In certain circumstances a company may terminate its ongoing reporting requirement if:
- The company becomes a fully-reporting registrant with the SEC
- The company has filed at least one annual report, but has no more than 300 shareholders of record
- The company has filed at least three annual reports, and has no more than $10 million in assets
- The company or another party purchases or repurchases all the securities sold in reliance on Section 4(a)(6)
- The company ceases to do business
However, regardless of whether a company has terminated its ongoing reporting requirement per SEC rules, SeedInvest works with all companies on its platform to ensure that investors are provided quarterly updates. These quarterly reports will include information such as: (i) quarterly net sales, (ii) quarterly change in cash and cash on hand, (iii) material updates on the business, (iv) fundraising updates (any plans for next round, current round status, etc.), and (v) any notable press and news.

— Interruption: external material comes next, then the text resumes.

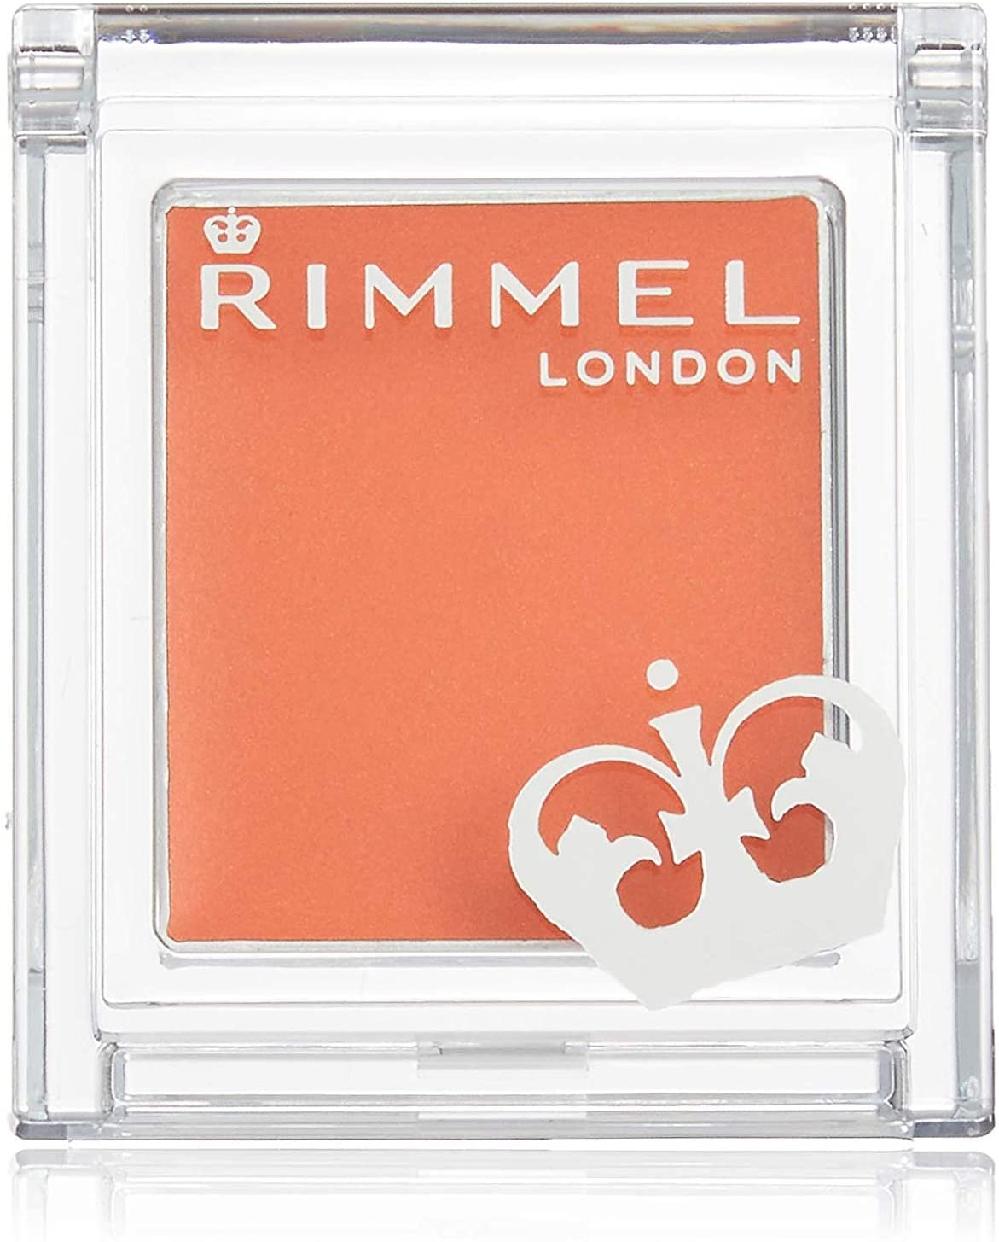 RIMMEL(リンメル)プリズム クリームアイカラーの商品画像

Currently there is no market or liquidity for these securities. Right now Locai Solutions does not plan to list these securities on a national exchange or another secondary market. At some point Locai Solutions may choose to do so, but until then you should plan to hold your investment for a significant period of time before a “liquidation event” occurs. A “liquidation event” is when Locai Solutions either lists their securities on an exchange, is acquired, or goes bankrupt.
You can return to SeedInvest at any time to view your portfolio of investments and obtain a summary statement. If invested under Regulation CF you may also receive periodic updates from the company about their business, in addition to monthly account statements.

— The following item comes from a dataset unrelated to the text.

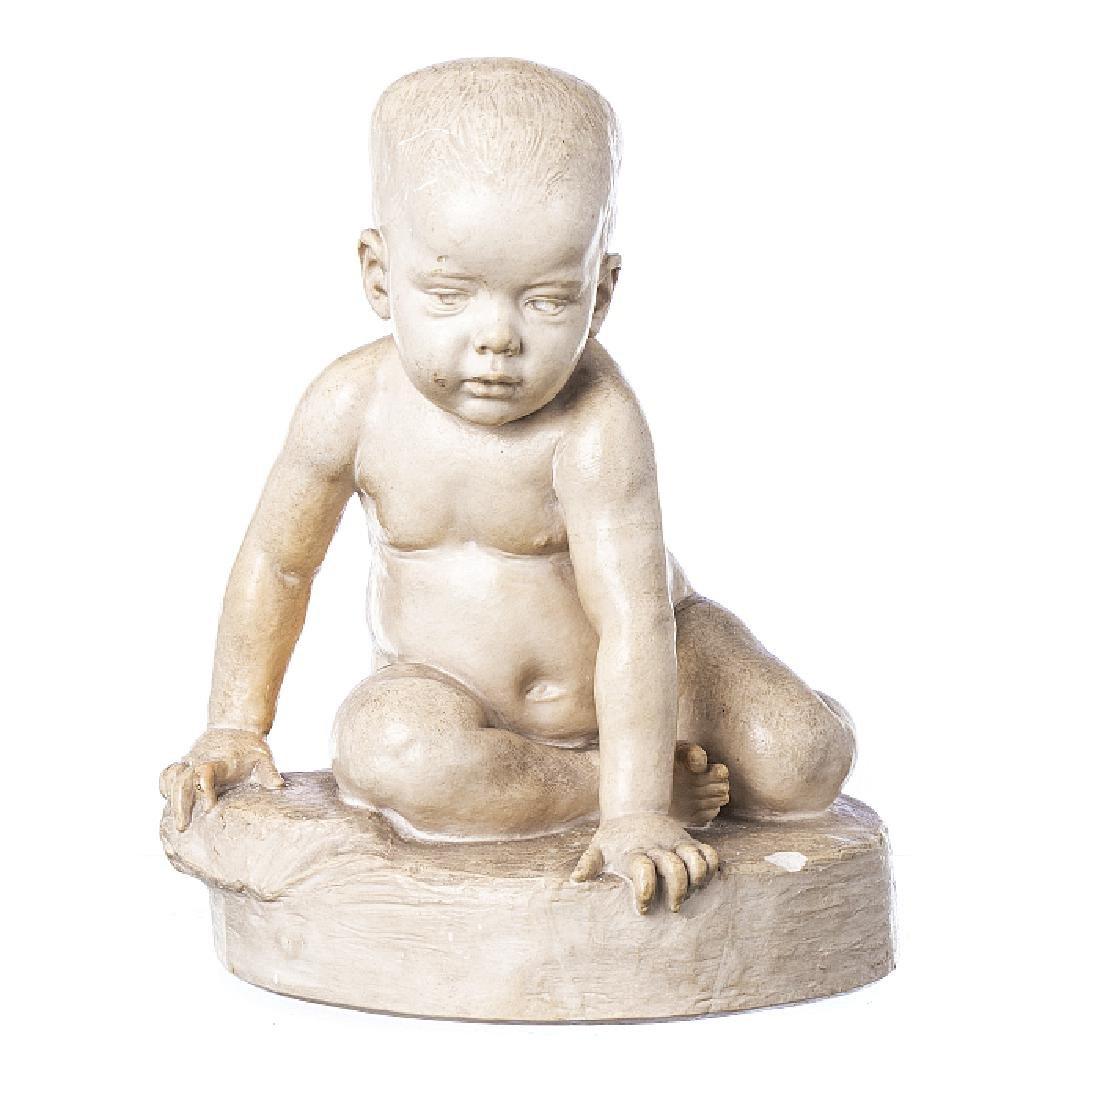 TEIXEIRA LOPES (1866-1942) - Boy

This is Locai Solutions's fundraising profile page, where you can find information that may be helpful for you to make an investment decision in their company. The information on this page includes the company overview, team bios, and the risks and disclosures related to this investment opportunity. If the company runs a side by side offering that includes an offering under Regulation CF, you may also find a copy of the Locai Solutions's Form C. The Form C includes important details about Locai Solutions's fundraise that you should review before investing.
For offerings made under Regulation CF, you may cancel your investment at any time up to 48 hours before a closing occurs or an earlier date set by the company. You will be sent a reminder notification approximately five days before the closing or set date giving you an opportunity to cancel your investment if you had not already done so. Once a closing occurs, and if you have not canceled your investment, you will receive an email notifying you that your securities have been issued. If you have already funded your investment, your funds will be promptly refunded to you upon cancellation. To cancel your investment, you may go to your account's portfolio page by clicking your profile icon in the top right corner.
If you invest under any other offering type, you may cancel your investment at any time, for any reason until a closing occurs. You will receive an email when the closing occurs and your securities have been issued. If you have already funded your investment and your funds are in escrow, your funds will be promptly refunded to you upon cancellation. To cancel your investment, please go to your account's portfolio page by clicking your profile icon in the top right corner.